Keyword coverage is a weak metric. Better is an LLM-as-judge that scores the answer for faithfulness to the retrieved context (not for correctness in an absolute sense). The Anthropic evaluation docs have working examples. The key idea: separate "did we retrieve the right chunks" from "did the model use them well." Those are different problems with different fixes.

Cost and Performance

A representative query on a 5-chunk context of about 3000 input tokens plus a 400-token answer costs roughly 1.5 cents with claude-sonnet-4-5 ($3 per million input tokens, \$15 per million output tokens per the Anthropic pricing page). Voyage embedding the query is on the order of a millionth of a cent. Storage is a rounding error compared to the generation step. If costs matter, prompt caching cuts the input token cost by up to 90% on repeated context, which happens naturally in follow-up questions.

For latency, the local Postgres HNSW query is sub-10-millisecond on a few million rows. Embedding the query is about 100 milliseconds. Generation is 1 to 2 seconds. Most of the time is generation, and there is not much you can do about that without changing models.

Common Pitfalls

Embedding the whole document at once. A 50-page PDF produces one vector. The model has to compress everything into 1024 dimensions and the result is useless for retrieval. Always chunk.

Mixing input_type flags. Indexing with query and querying with document (or vice versa) quietly degrades retrieval. The two modes are tuned for different distributions. The Voyage docs warn about this and the SDK does not enforce it.
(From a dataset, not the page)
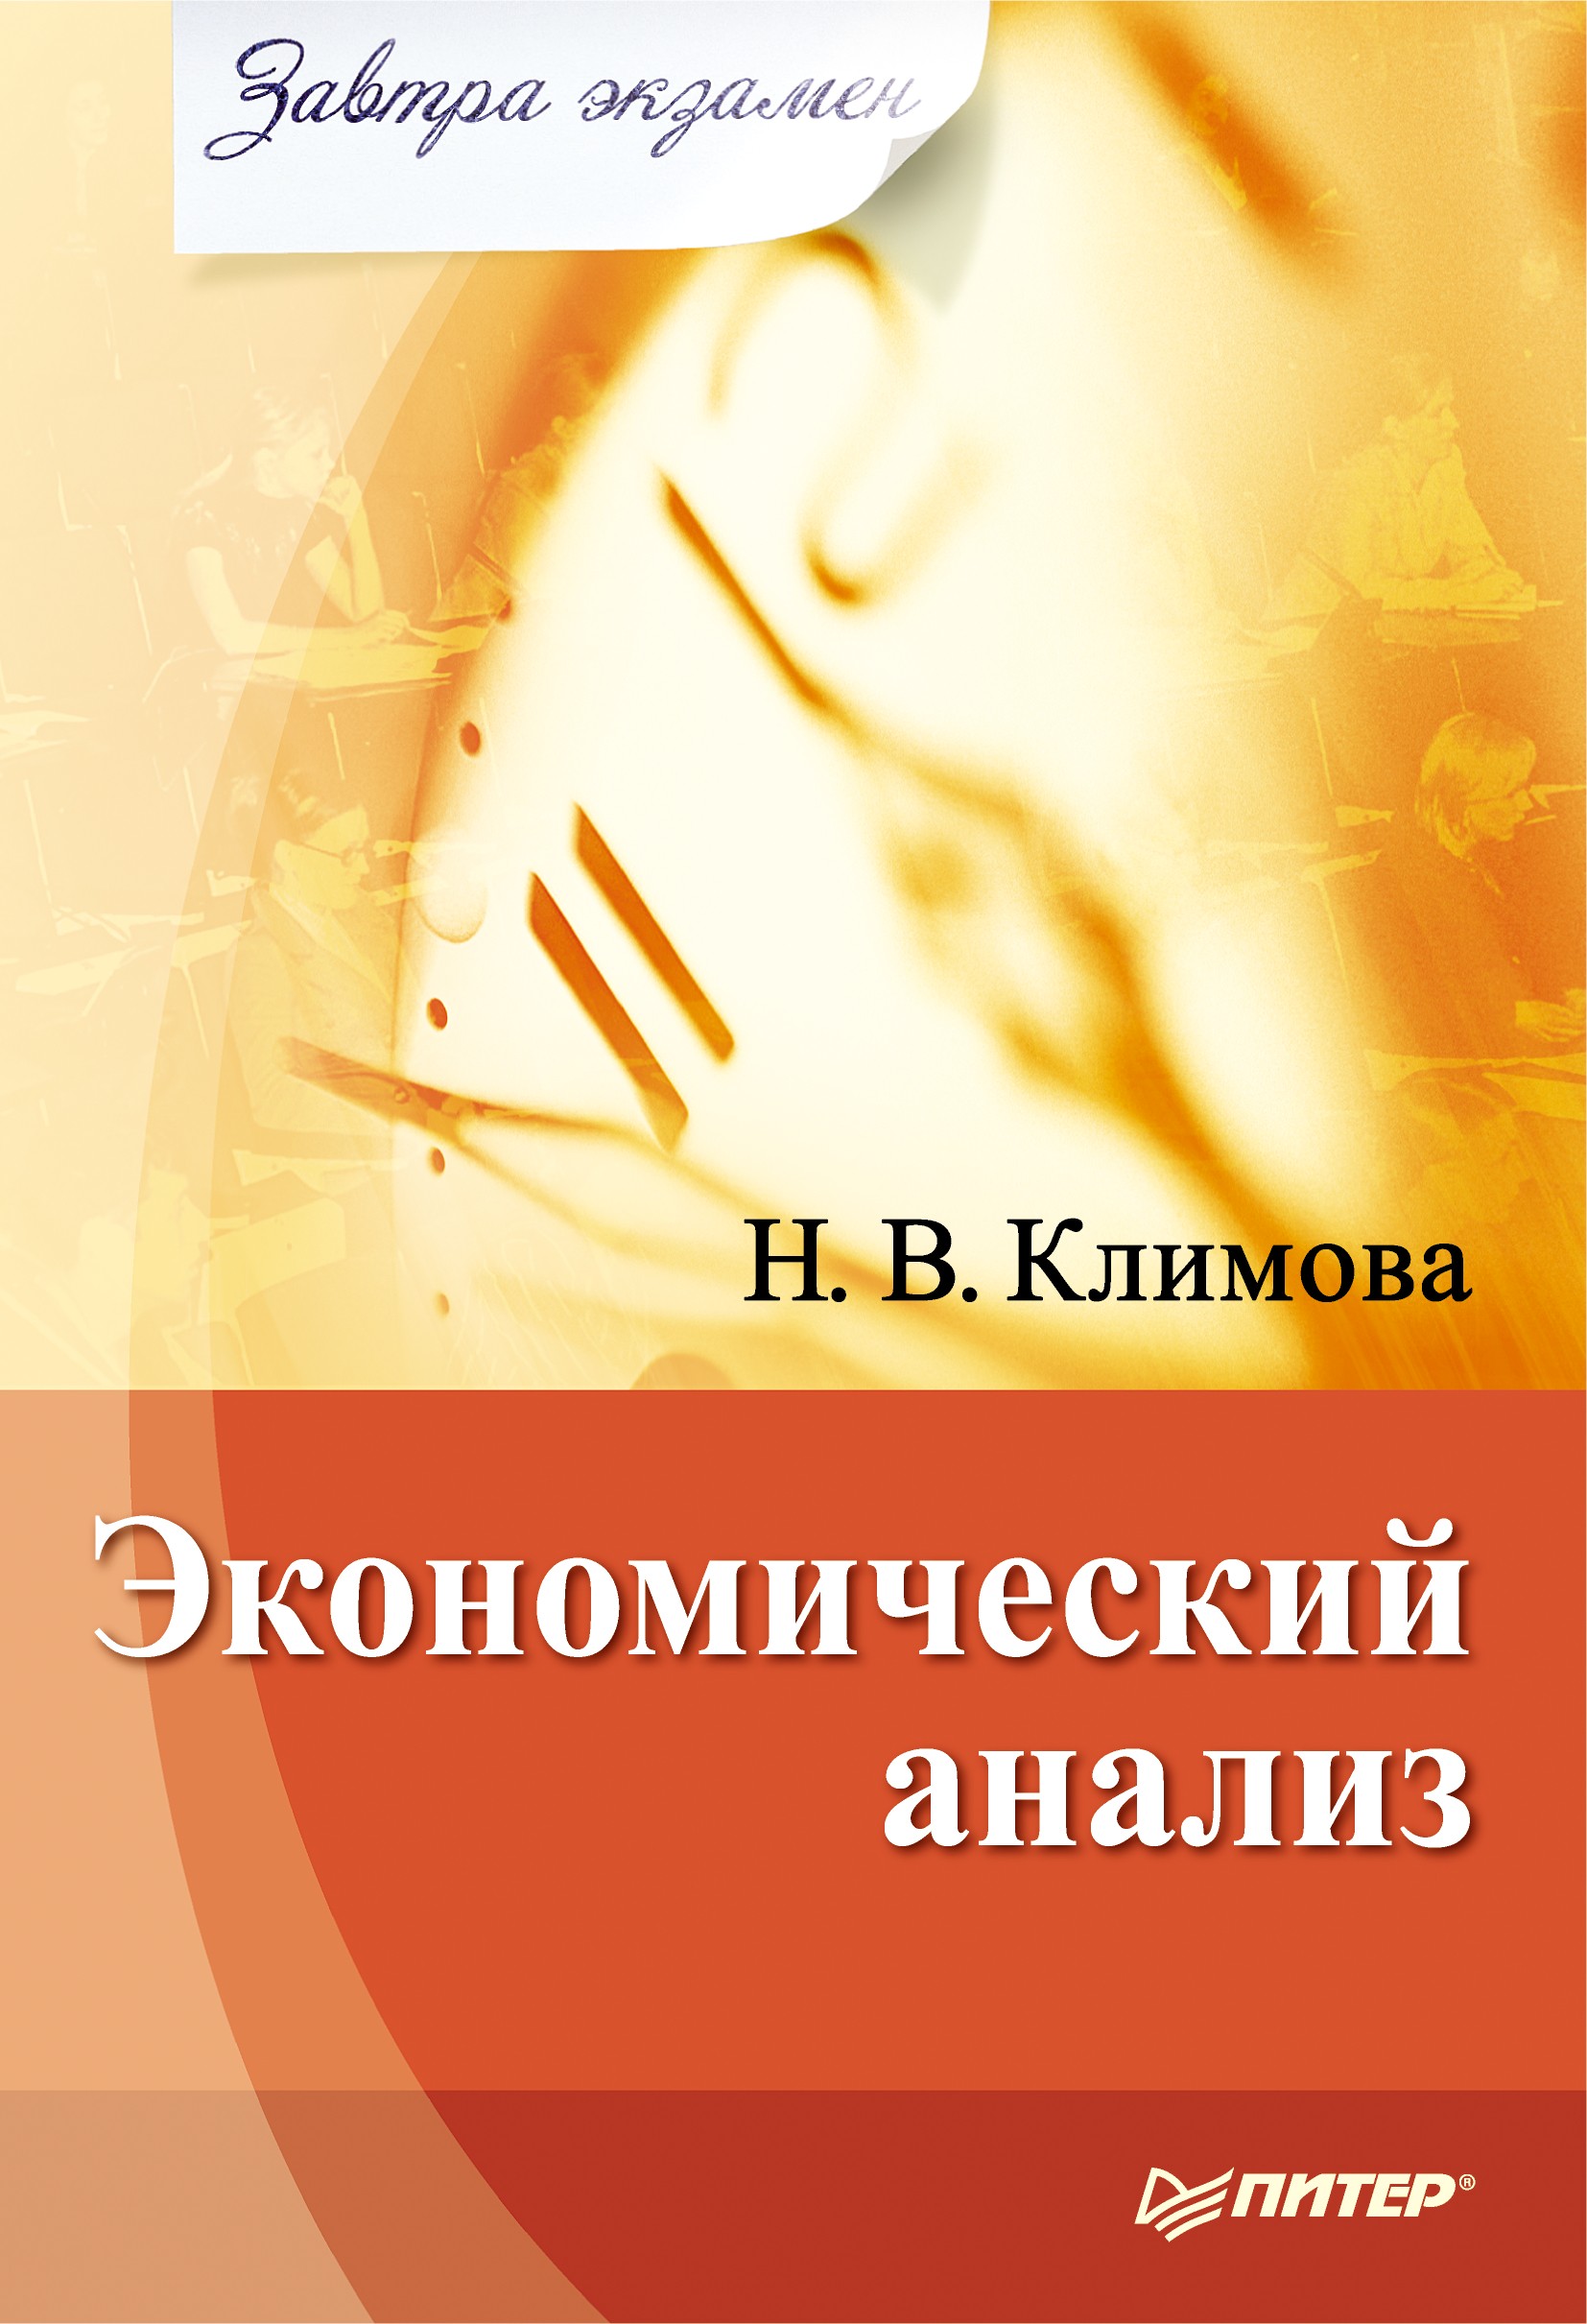 Книга Экономический анализ из серии , созданная Наталия Климова, может относится к жанру Экономика. Стоимость электронной книги Экономический анализ с идентификатором 434445 составляет 49.00 руб.

Skipping overlap. Adjacent chunks with no overlap lose information at the boundary. A sentence that spans the cut gets split in two and neither half is a good embedding. Keep overlap at 10 to 20% of chunk size.
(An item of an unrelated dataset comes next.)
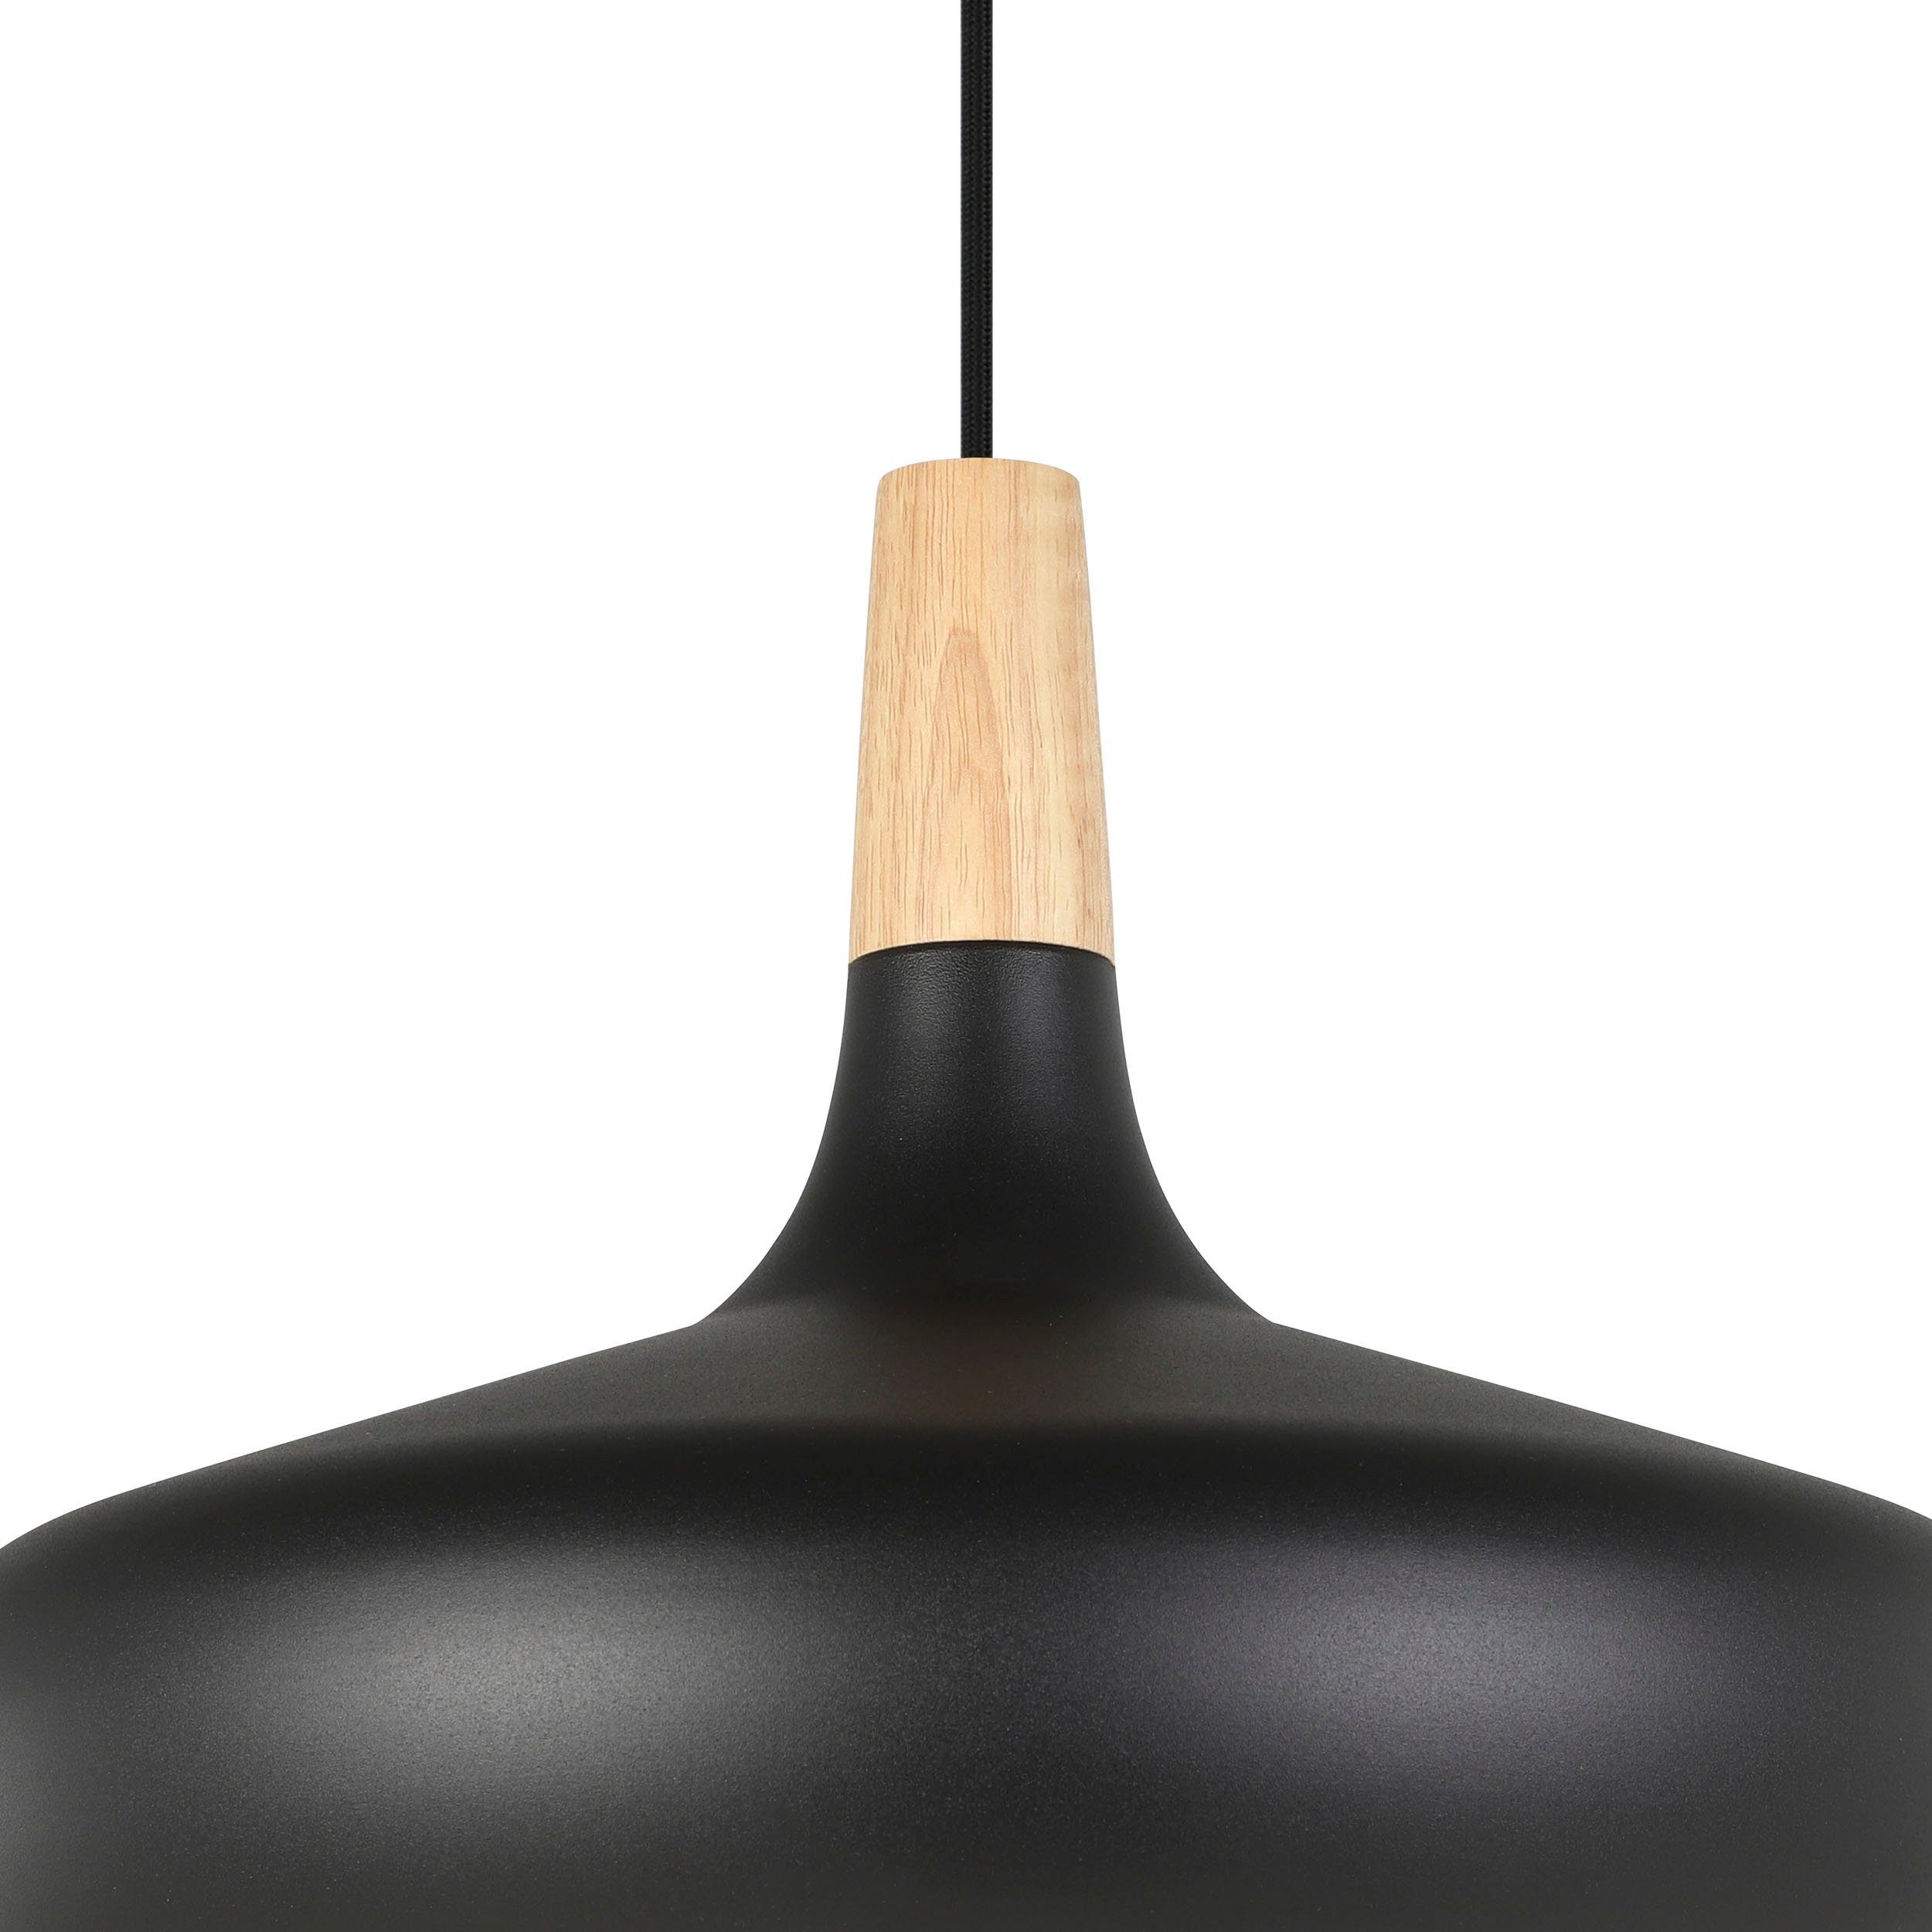 Stahl, von exkl. aus - in 40W, Hochwertige - Leuchte Hängeleuchte moderne braun E27 EGLO Holz schwarz und Hängeleuchte SABINAR, ohne Leuchtmittel, und EGLO Leuchten wechselbar, Leuchtmittel

Trusting the top-1 result. Always retrieve top-k (5 is a reasonable default) and let the model use what it needs. The top-1 hit is sometimes the wrong one, especially for short questions.
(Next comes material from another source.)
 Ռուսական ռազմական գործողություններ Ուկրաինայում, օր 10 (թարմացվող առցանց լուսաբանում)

No source citation in the output. A RAG answer without a source the user can click is not really an answer. The model will hallucinate citations if you do not include the source path in the context. The system prompt here forces it.

Next Steps

Add prompt caching for the system prompt and retrieved context. Cuts repeated-query cost by up to 90%.
Add a reranker. A cross-encoder like cross-encoder/ms-marco-MiniLM-L-6-v2 reranks the top-20 retrieved chunks and usually lifts answer quality by 10 to 20 percent on hard queries.
Wrap the server in an MCP server so any MCP-compatible agent can call it. The MCP TypeScript and Python SDKs both expose a clean tool interface.
Move from cosine to hybrid search. Postgres tsvector for keyword plus pgvector for semantic, combined with reciprocal rank fusion. The pgvector hybrid search docs cover the pattern.
Add observability. Log the question, retrieved chunks (with scores), and the final answer. A handful of these traces is the only way to find the failure modes that matter.